Tuesday 25 September 2007

Spiderman and the body dysmorphic

My black spidey suit form ebay arrived today, although I am slightly disappointed that upon wearing it I am not magically hot -- and look more like Jack Black in the MTV Spiderman parody.

Many people consider Jack Black a sex symbol, in a similar sort of way as Har Mar Superstar. The question is, are they sexy because they are famous, or because they are confident? I quote Tyler Durden and tell people "self improvement is masturbation" and "I feel sorry for guys packed into gyms, trying to look the way Calvin Klein or Tommy Hilfiger says they should", but the truth is I'm as much sucked in by it as anyone else. I go swimming two or three times a week, just swimming laps constantly for an hour, on the days I'm not swimming, I'm lifting weights in my bedroom. Because I hate how I look, and how I feel -- because it's not 'right'. It's not what we are told a man should look like.
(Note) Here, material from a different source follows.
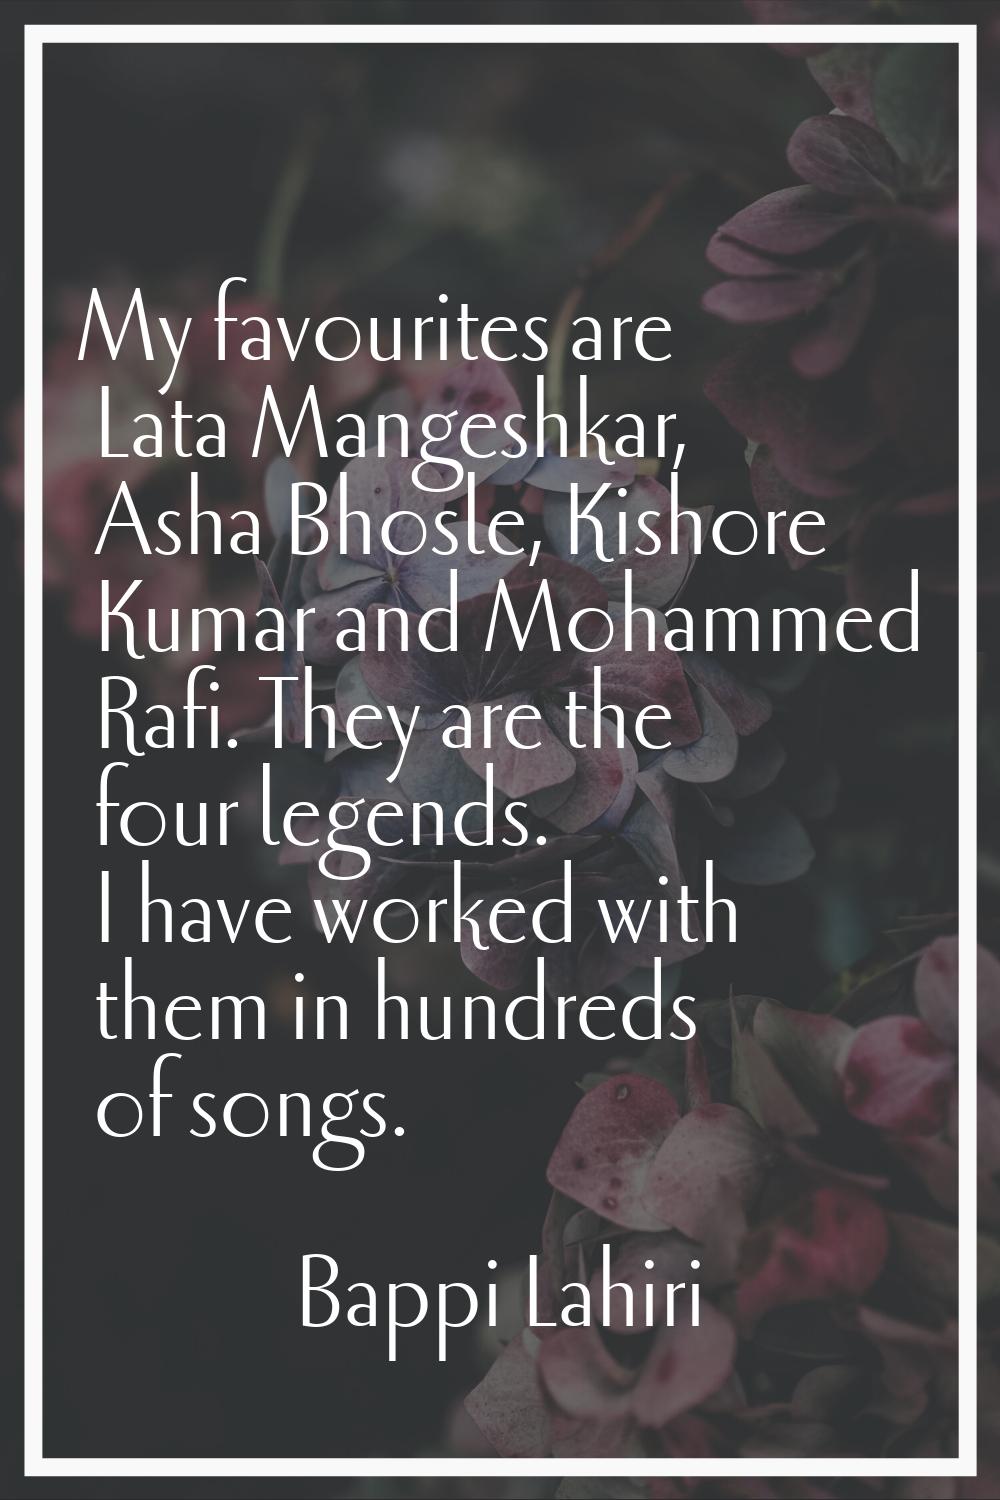 My favourites are Lata Mangeshkar, Asha Bhosle, Kishore Kumar and Mohammed Rafi. They are the four

You hear about the stereotyping of women in men's magazines -- the unattainable figures, the impossible ideal. But there's rarely a word about the men. Pick up a copy of magazines like Men's Health, Men's Fitness -- and it's all chiselled abs, features on how to get that six pack in a week (because nobody will love if you don't), the ultimate exercise regimes, make more money... Or pick up the "lad's mags" and look past the girls wearing little but a football shirt. It's still the unattainable -- of course, the pictures of the perfect male figures are gone, because that would be just a little bit too close to the line, wouldn't it? Couldn't possibly have that, someone might get confused, stop fancying girls... But just the same, it's telling you what it takes to be a man -- and it's all beer and cars and games and football and make more money to buy their expensive clothes and how to shag 100 times a night.
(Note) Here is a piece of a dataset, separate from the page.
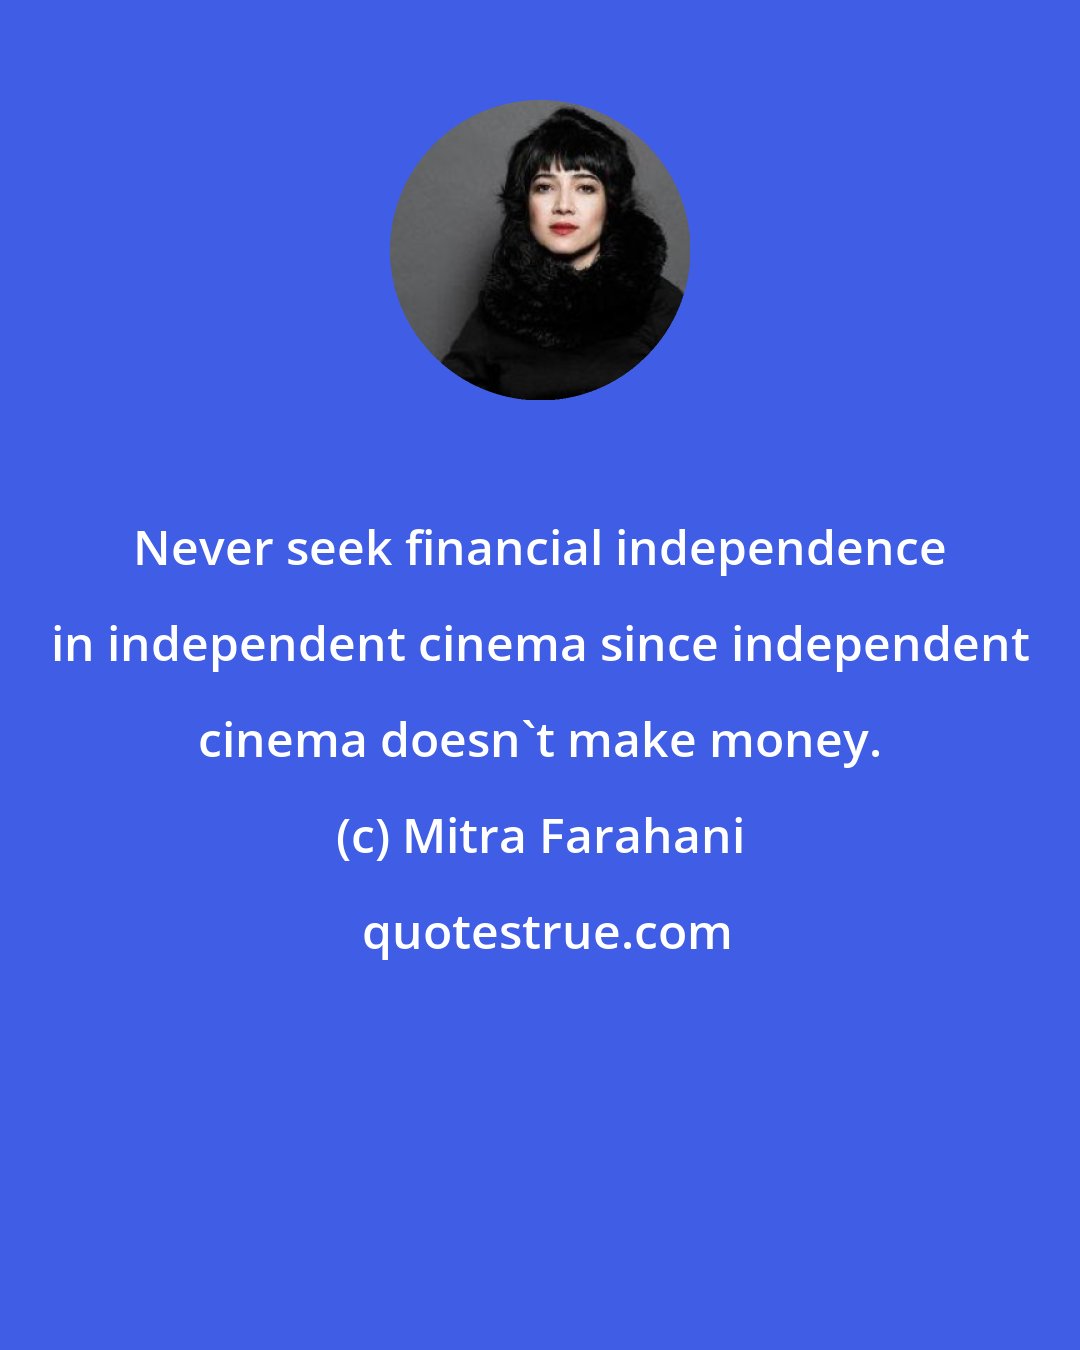 Mitra Farahani: Never seek financial independence in independent cinema since independent cinema doesn't make money.

But really, who am I to criticise? I've been the person placing the expensive clothes in the glossy, men's consumer magazines in the past. I'm at least partly responsible for encouraging people to spend money they don't have on things they don't need.

If we stay on the subject of body image, it doesn't get any better in the gay magazines. You still have the men with their perfect biceps and abs that you will never achieve. It's all the same editors, the same fashion executives making the decisions -- putting skinny boys with sharp cheekbones and tiny waists on the catwalks and on the pages of the magazine. Or how many times a day does Armani tell you from a billboard or a bus stop ad what a real man should look like? It's never you.
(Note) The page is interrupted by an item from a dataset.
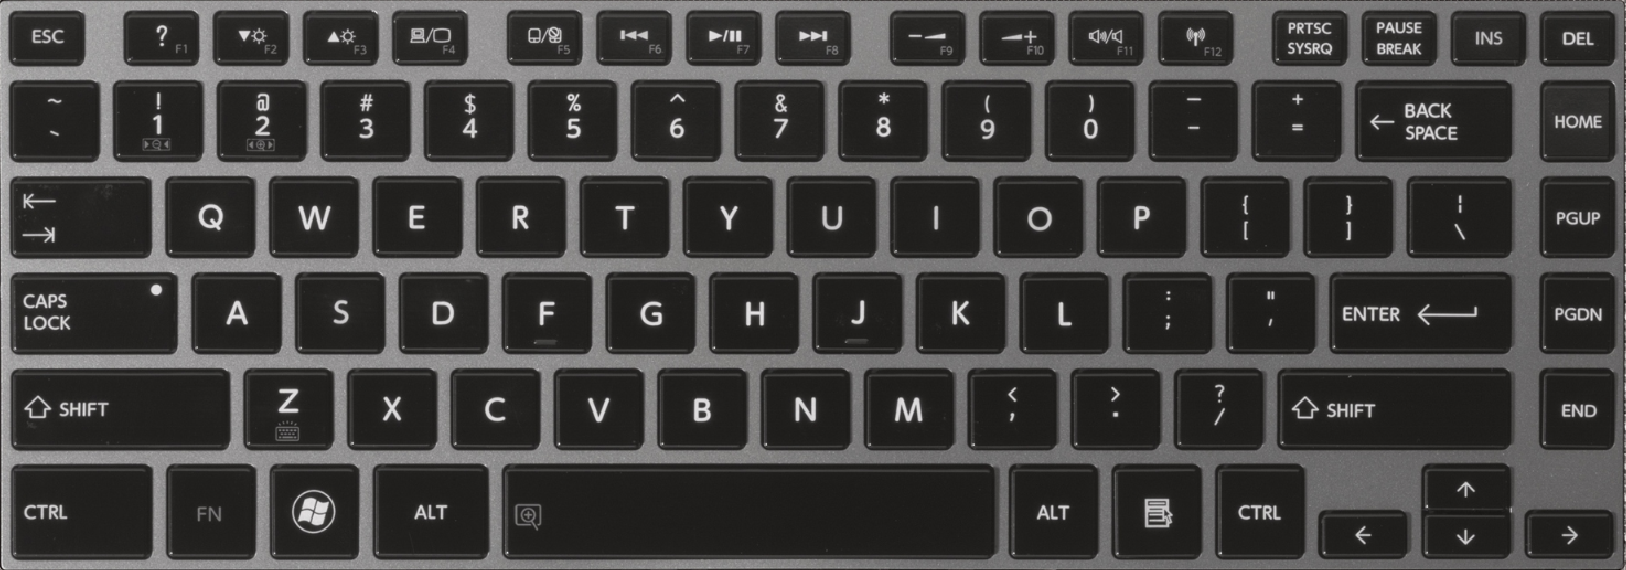 Toshiba P845 Laptop keyboard key

You don't so often hear about what this might do to men, or to boys. If you do, it's often given some stupid name like "Manorexia" -- as if to not call the illness by its name makes it seem less serious, like it's not the same thing. Or how often do you hear about reverse anorexia? Where the sufferer constantly believes themselves to be too skinny and wanting to bulk up, build more muscle, whatever the cost. Studies have looked at children's action figures, and measured their "vital stats" against real men -- concluding that not only are they completely out of proportion, and they are getting worse.

So where do we go from here? With this post, and with people in general. It seems everyone is being told how they should look, or how to behave, or who they should be -- and it's almost never how we are. And, sure, I guess any of us can reject it. Nobody can make any of us feel anything. But just the same, it seems like something isn't right.

I guess that's a bit of an understatement.